Liu He è il supervisore ultimo, collegamento diretto con Xi, di tutti i dossier economici del Paese, e quello che riguarda il modo per aprire una via a un qualche accordo con gli Stati Uniti che possa mettere fine – almeno momentaneamente – allo scontro globale sfociato sul piano commerciale ha un valore estremo, esistenziale per Pechino. Non a caso Liu guida la delegazione spedita dal governo cinese negli Stati Uniti.

Trump – che in questi giorni difficili ha una produzione di tweet che sta più o meno sulle dieci uscite all’ora – ha detto che adesso la Cina “vuole” un accordo, per poi lasciare in sospeso un “but do I?”, “io lo voglio?”. Chiaramente è una domanda retorica, perché per Trump come per Xi raggiungere un qualche genere di intesa è fondamentale, per il primo anche in vista della rielezione, che arriverà con ogni probabilità in un momento in cui l’economia americana entrerà definitivamente in recessione (tecnicamente c’è già).

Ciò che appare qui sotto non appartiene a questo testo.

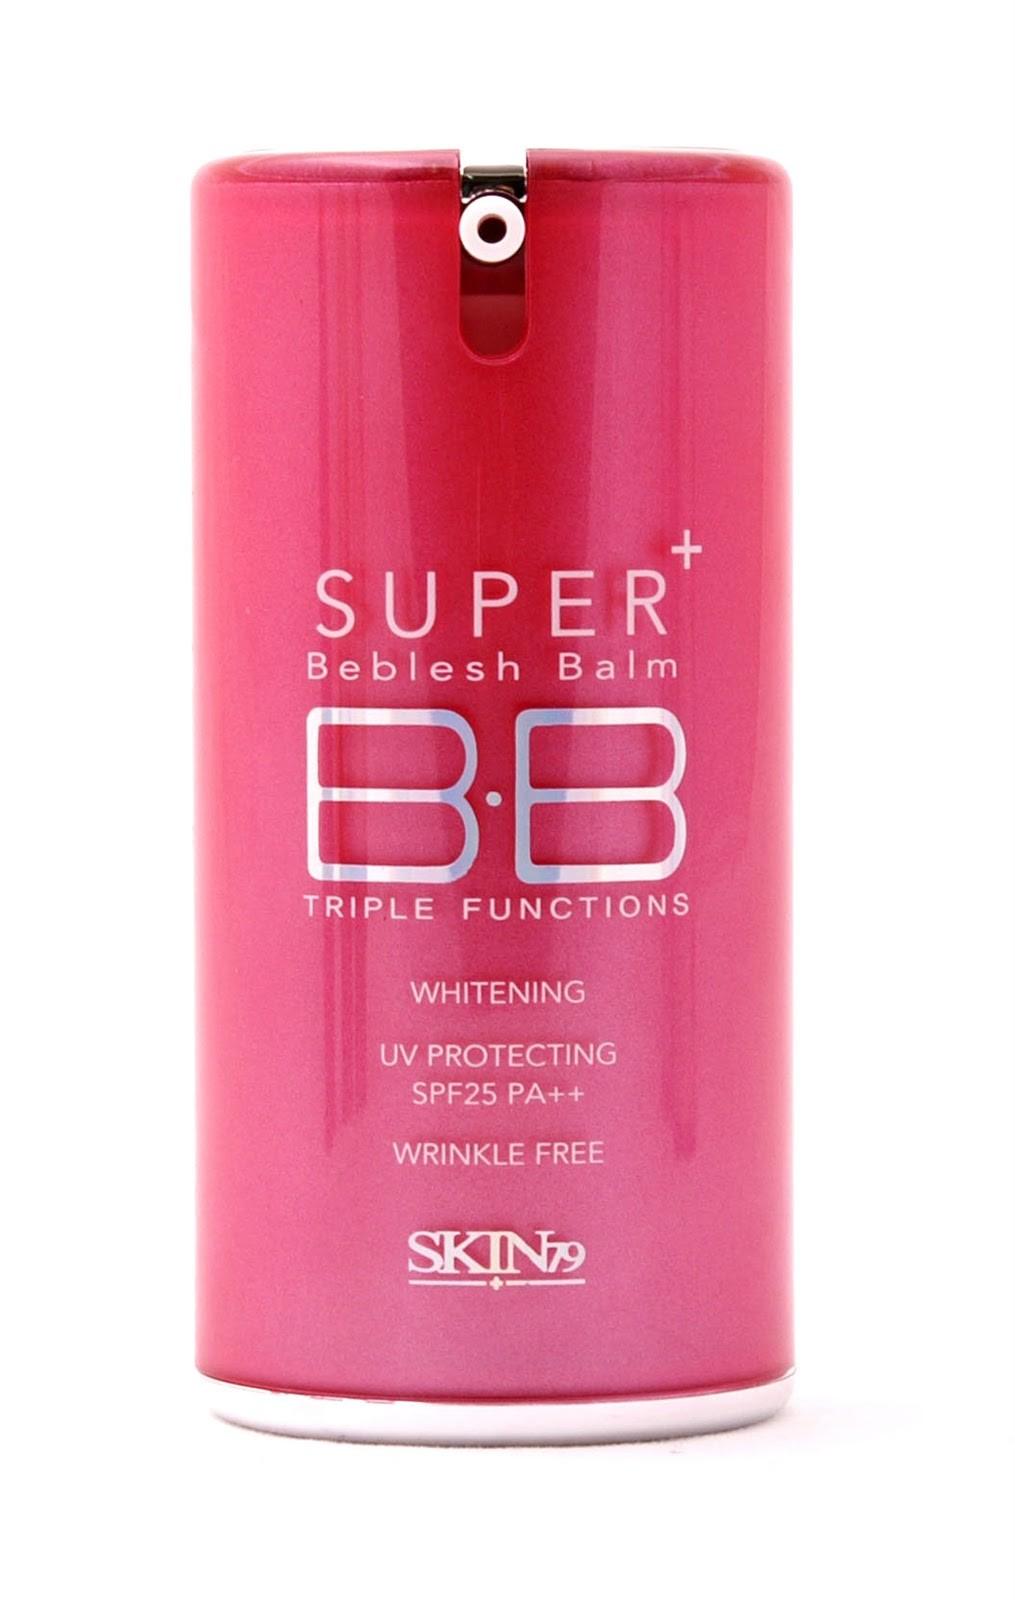 Foto Skin79 - BB Cream Hot Pink Super Plus Beblesh Balm

Nel frattempo, comunque, ci sono molte informazioni a proposito di una pianificazione di più lungo termine all’interno dell’amministrazione americana con cui incalzare la Cina, sul fronte delle sue penetrazioni nel tessuto economico statunitense. Notizie che vengono fatte uscire anche per creare una sorta di leva psicologica sui cinesi, con l’obiettivo di ottenere più concessioni ai tavoli (dove teoricamente non si decide solo di riequilibrare il commercio, ma anche di questioni più ampie come la concorrenza cinese assistita dallo Stato, il furto di proprietà intellettuale, lo spionaggio industriale, i meccanismi di protezione verso gli americani che intendono investire in Cina).

A preparare il menù avvelenato contro l’economia cinese è stato Michael Pillsbury, China scholar dell’Hudson Institute e consulente esterno per il commercio della Casa Bianca. Lo schema è ampio, va dal facilitare l’inserimento di persone e società cinesi nelle black-list, alla riduzione delle esposizioni dei fondi pensione agli investimenti dalla Cina, ma non solo, perché tocca anche diversi nervi scoperti: propone di rafforzare il collegamento tra Usa e Taiwan, di lavorare finanziariamente per isolare il link Cina-Hong Kong, di avanzare sanzioni per le attività nel Mar Cinese Meridionale.

In queste ore Pillsbury è protagonista anche di un’altra vicenda: ha dichiarato infatti di aver ricevuto informazioni sulle attività commerciali di Hunter Biden durante una visita a Pechino nella stessa settimana in cui ha pubblicamente – e poi s’è scoperto anche privatamente – esortato la Cina a cercare eventuali magagne sul conto del figlio di Joe Biden, uno dei principali contender democratici alle presidenziali.